TASK INPUT:
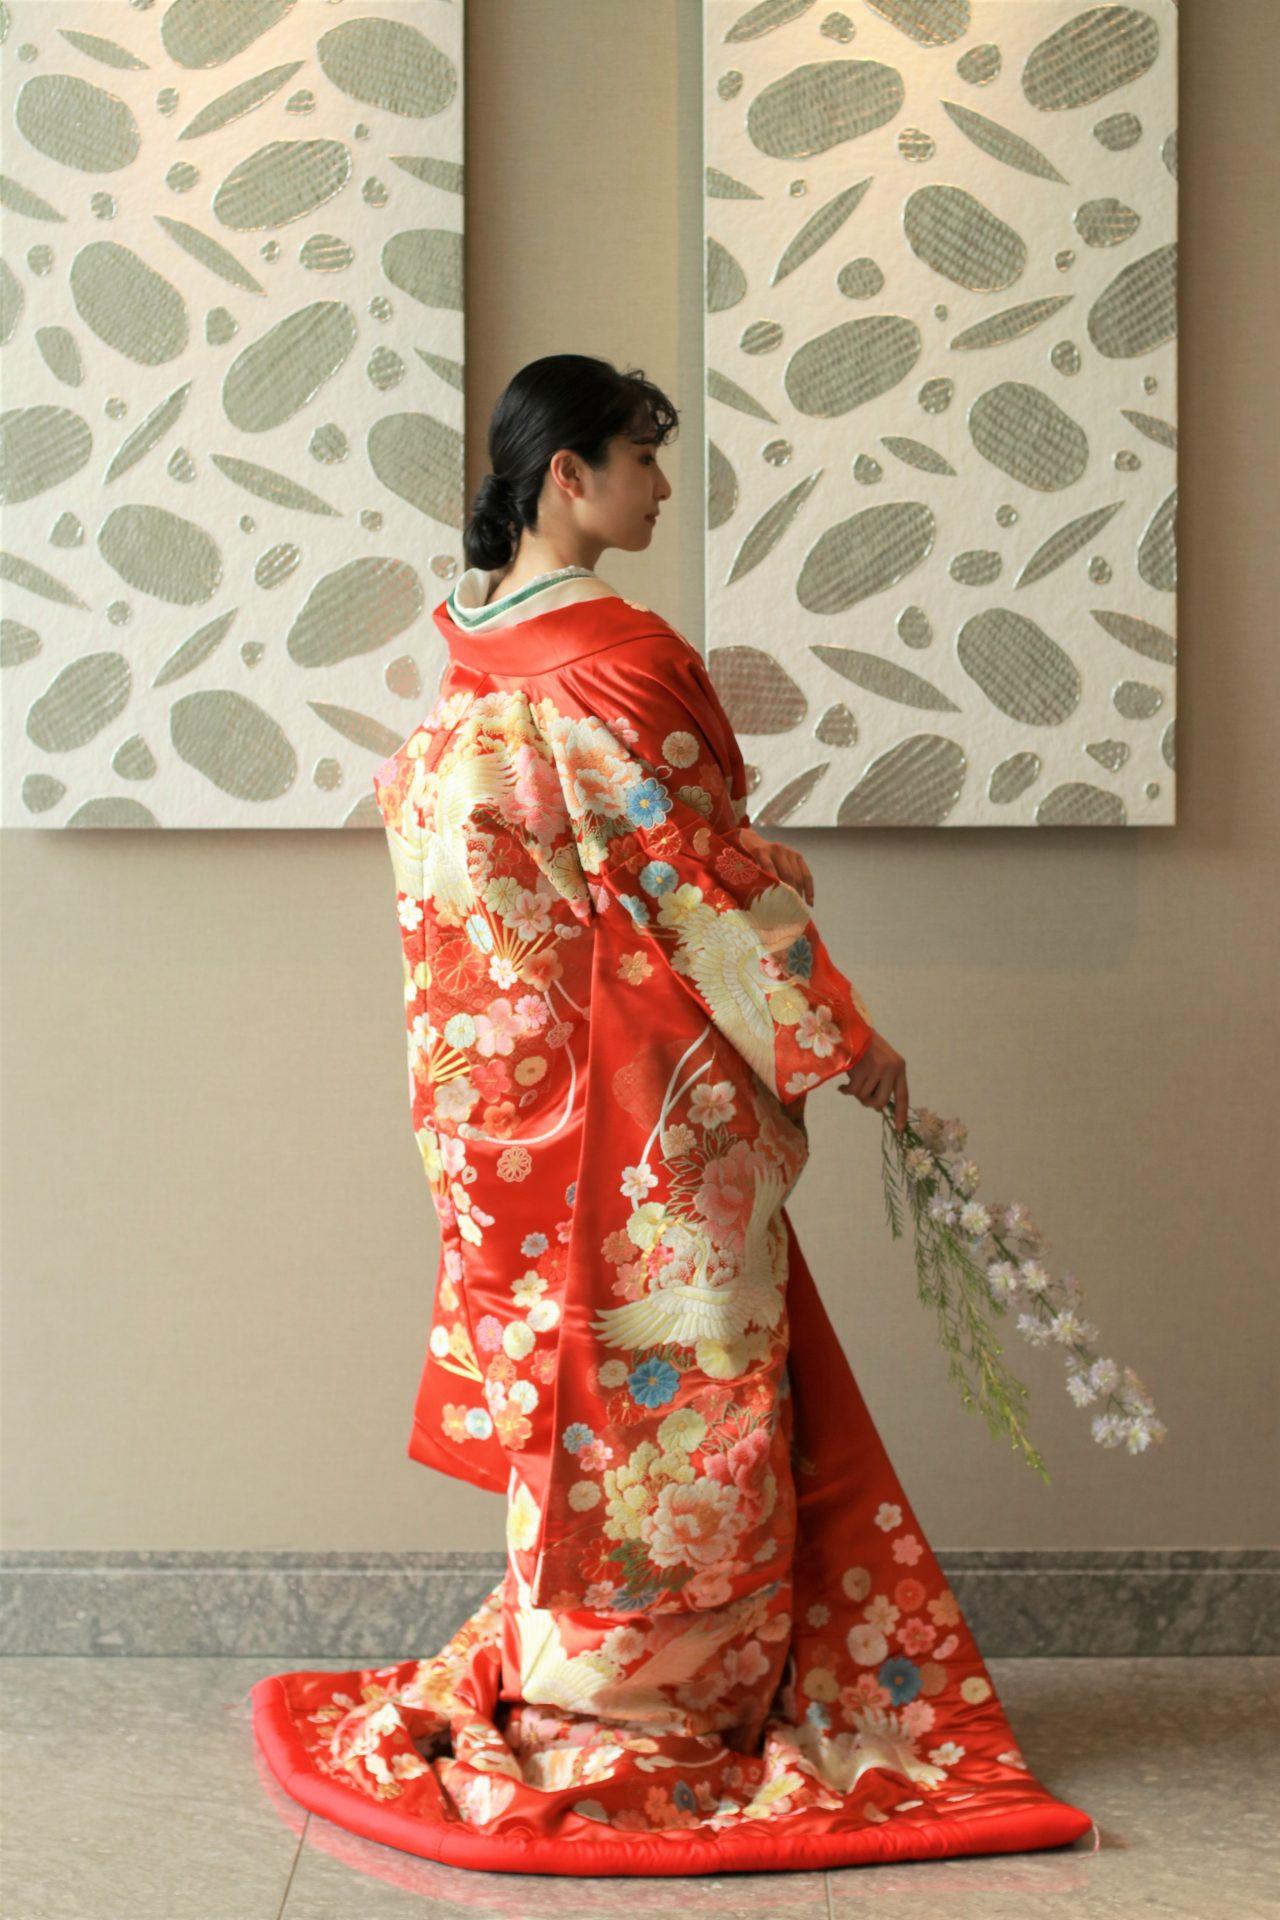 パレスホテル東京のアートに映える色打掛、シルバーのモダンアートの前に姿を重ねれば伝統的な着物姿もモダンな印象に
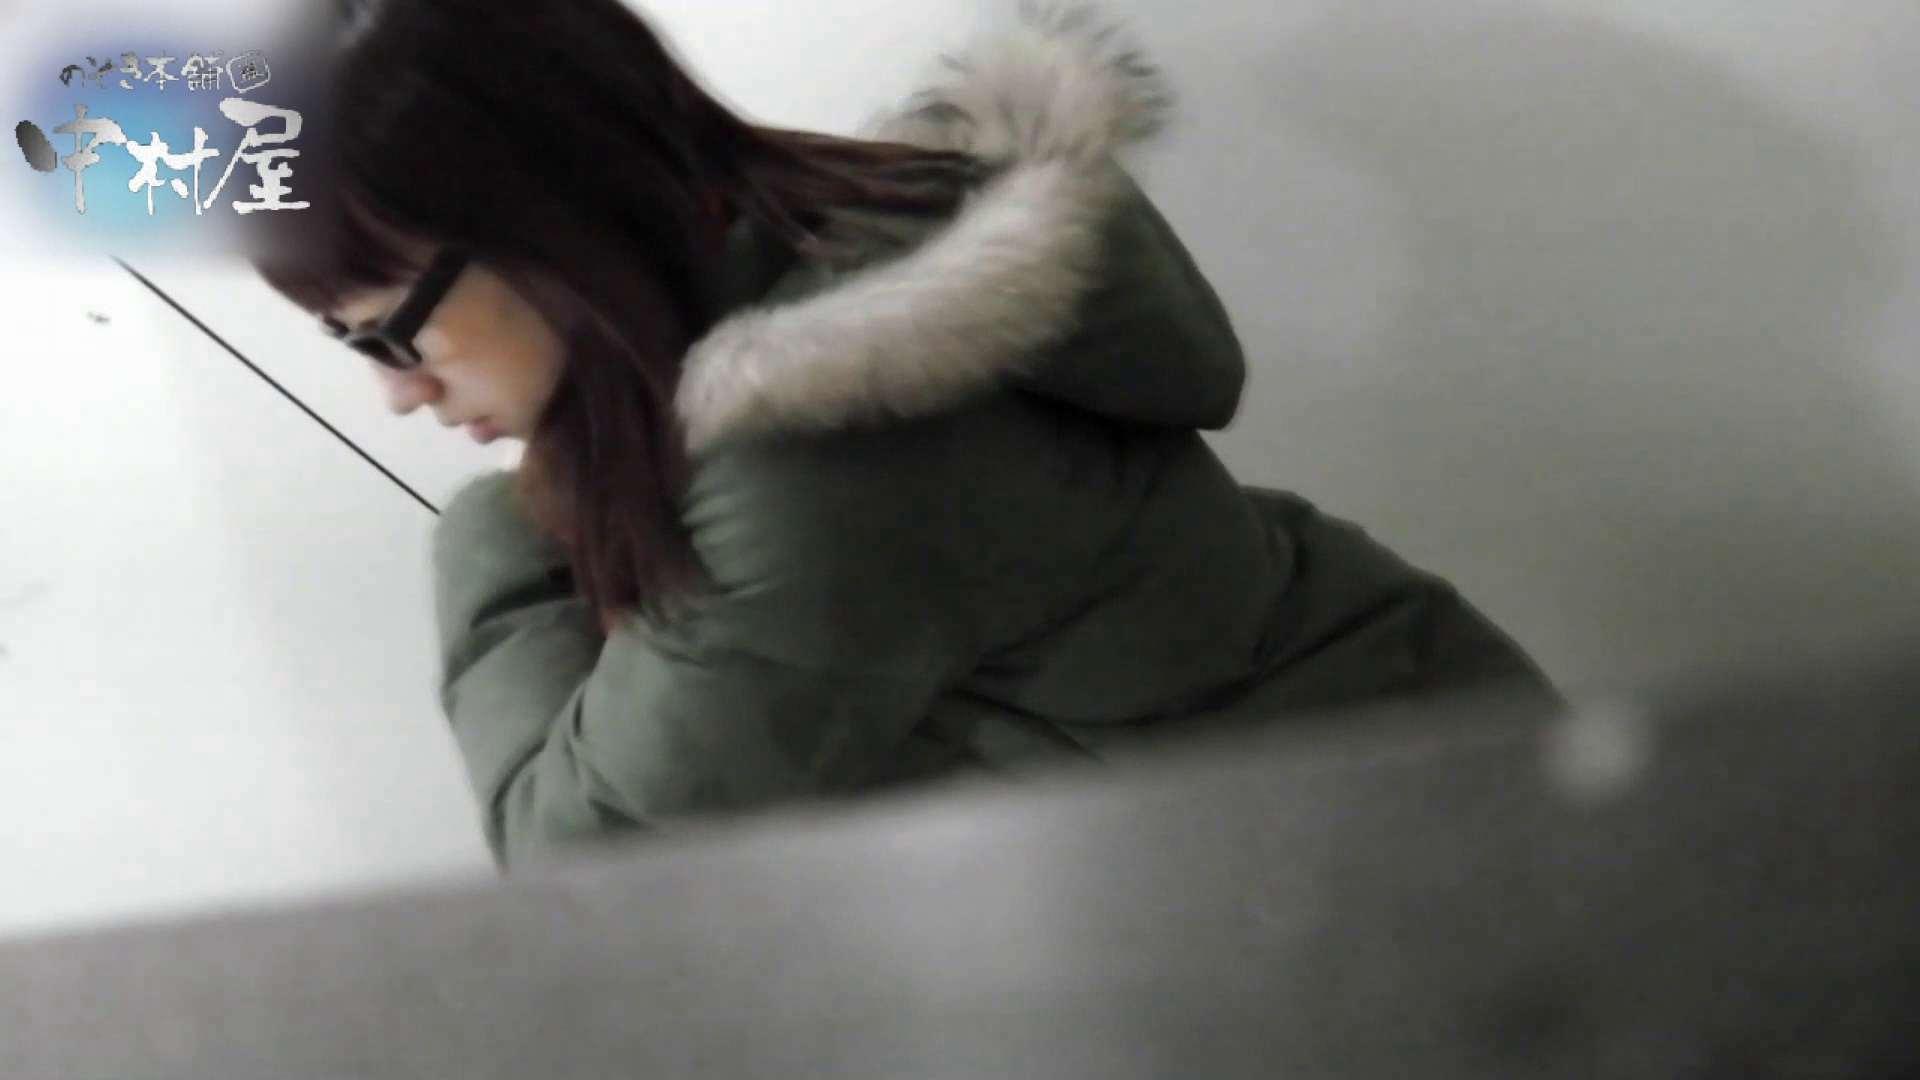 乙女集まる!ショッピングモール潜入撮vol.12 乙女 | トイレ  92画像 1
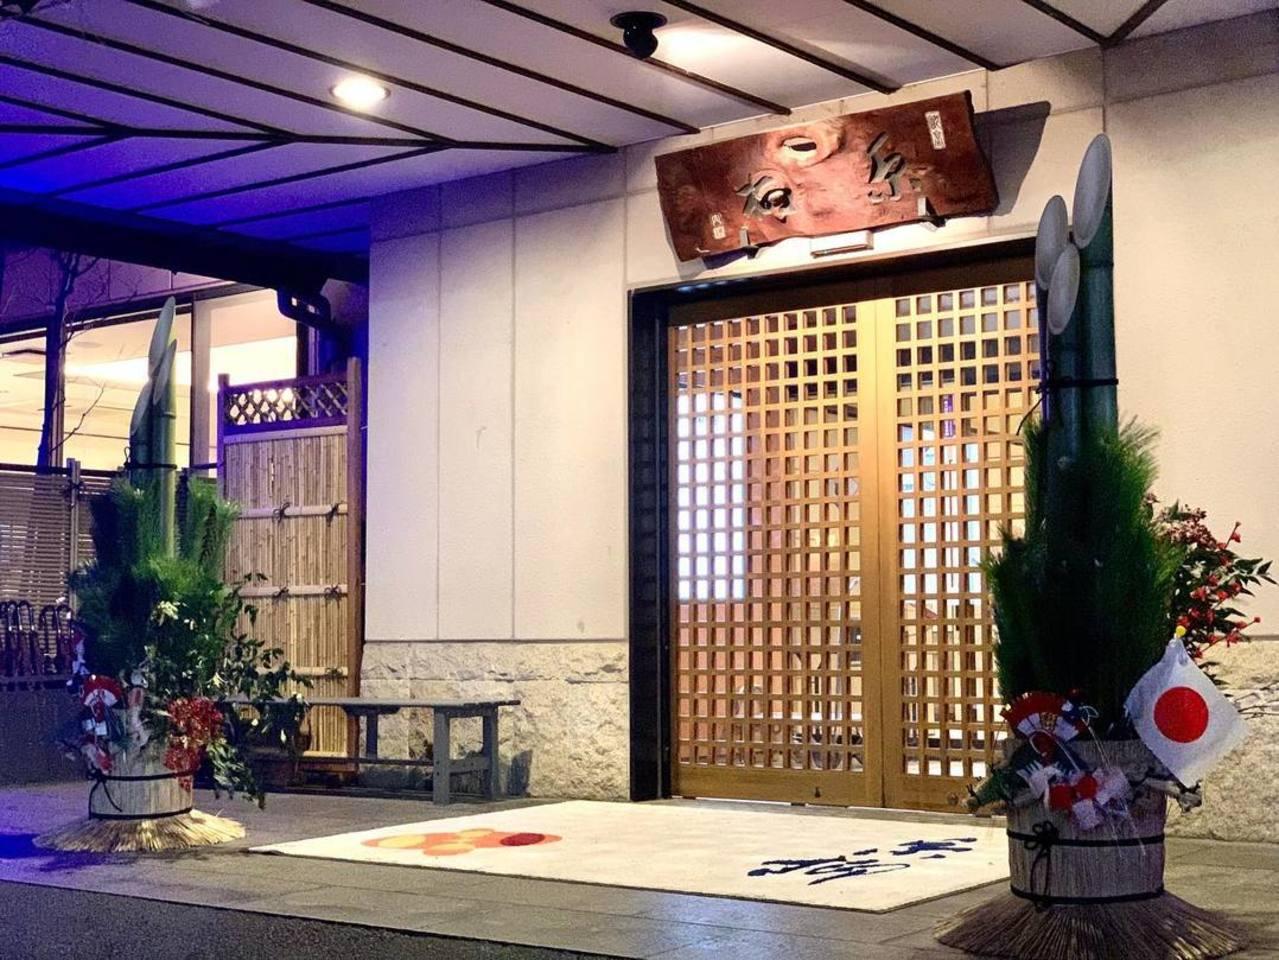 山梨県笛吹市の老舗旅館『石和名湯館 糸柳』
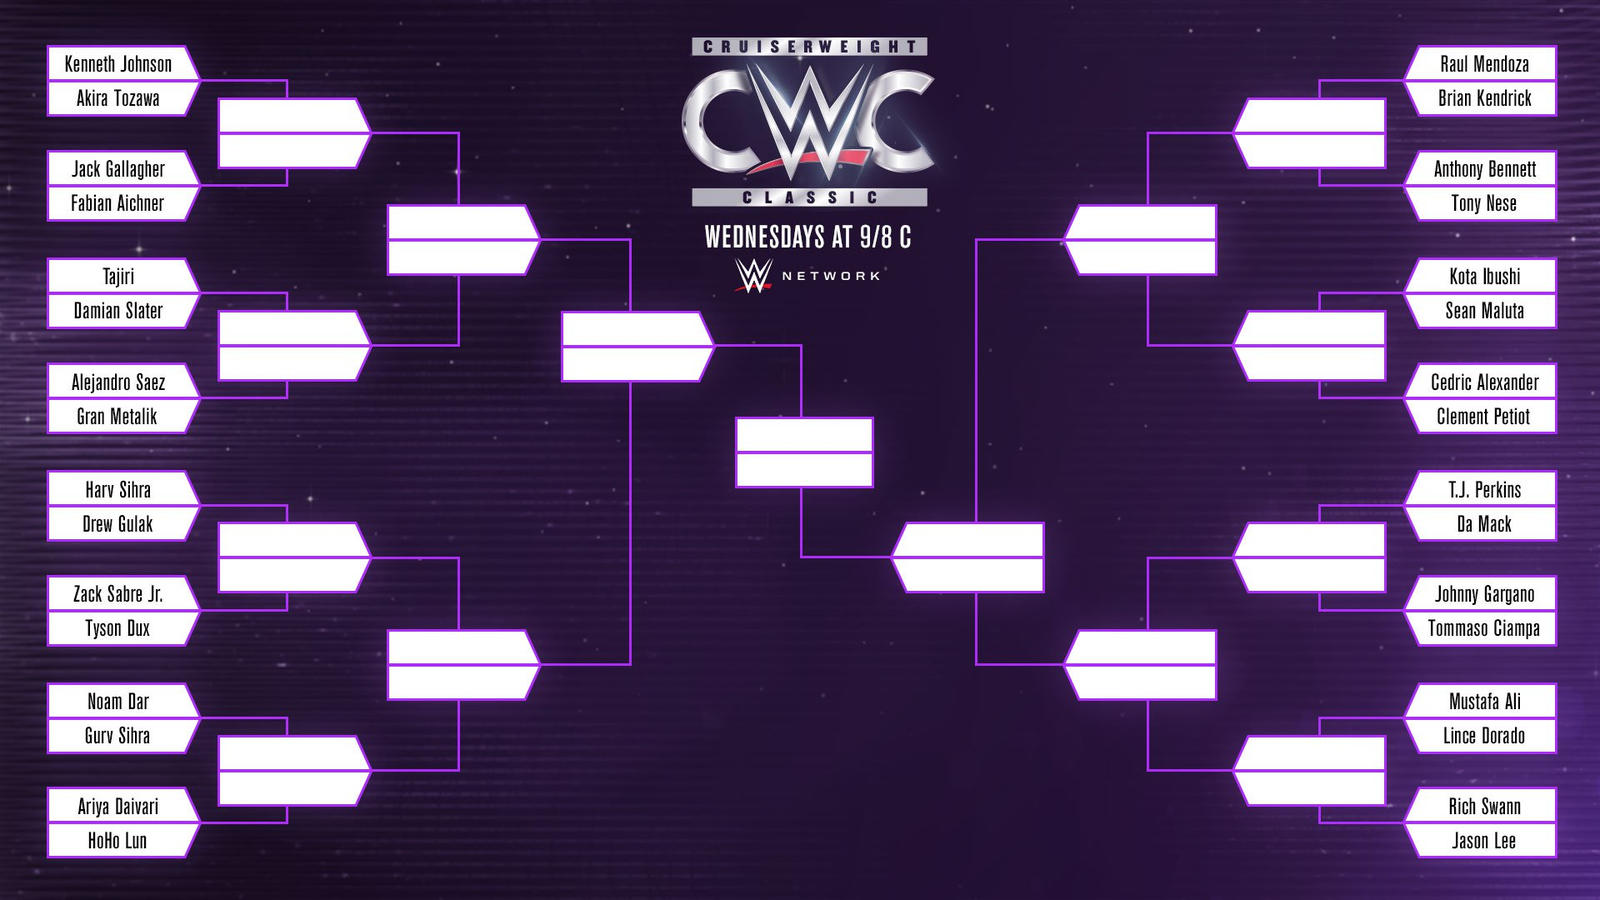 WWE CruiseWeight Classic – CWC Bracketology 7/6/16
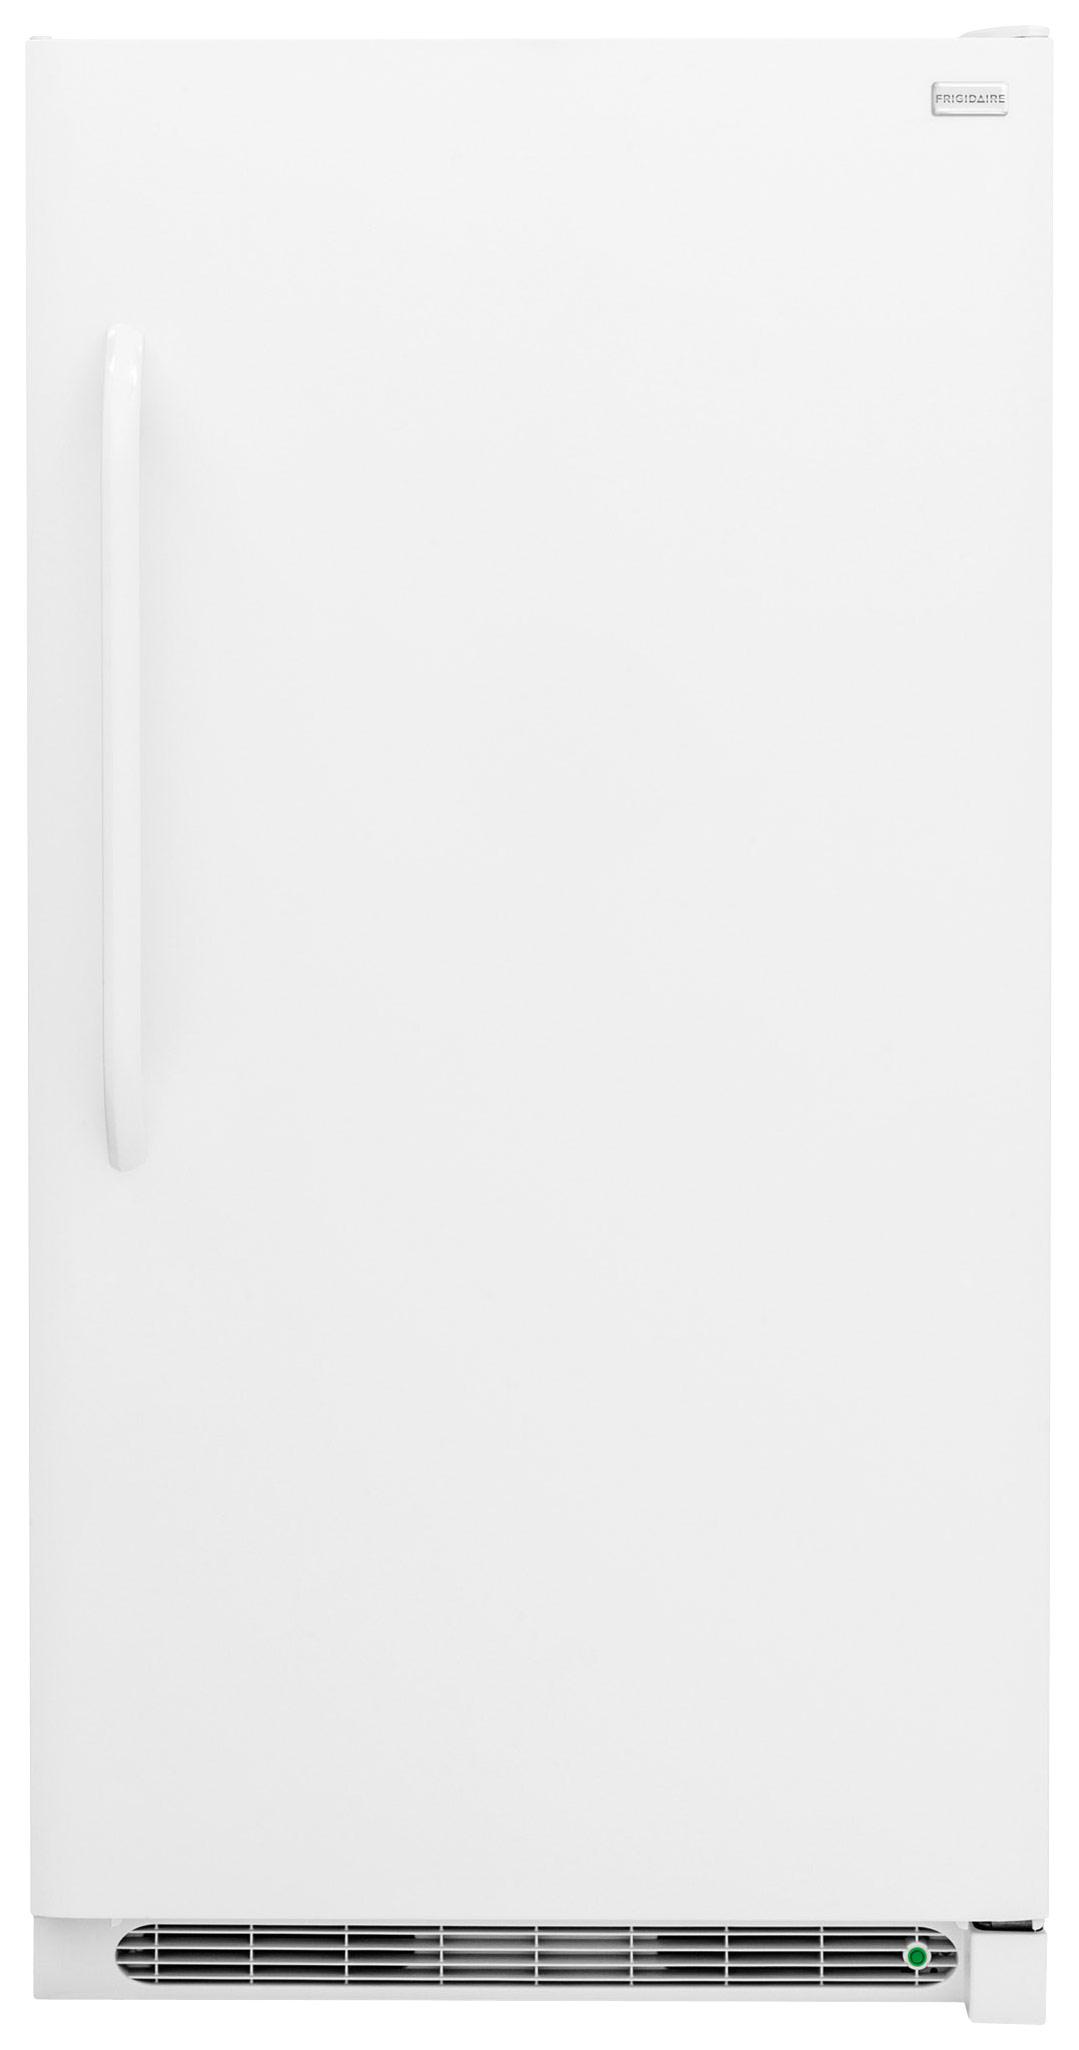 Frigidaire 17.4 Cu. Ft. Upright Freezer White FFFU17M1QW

WHAT THE TASK ASKS: Where an entry includes an image, skip the image and return everything else exactly.

SOLUTION FOR THIS EXERCISE:
 パレスホテル東京のアートに映える色打掛、シルバーのモダンアートの前に姿を重ねれば伝統的な着物姿もモダンな印象に
 乙女集まる!ショッピングモール潜入撮vol.12 乙女 | トイレ  92画像 1
 山梨県笛吹市の老舗旅館『石和名湯館 糸柳』
 WWE CruiseWeight Classic – CWC Bracketology 7/6/16
 Frigidaire 17.4 Cu. Ft. Upright Freezer White FFFU17M1QW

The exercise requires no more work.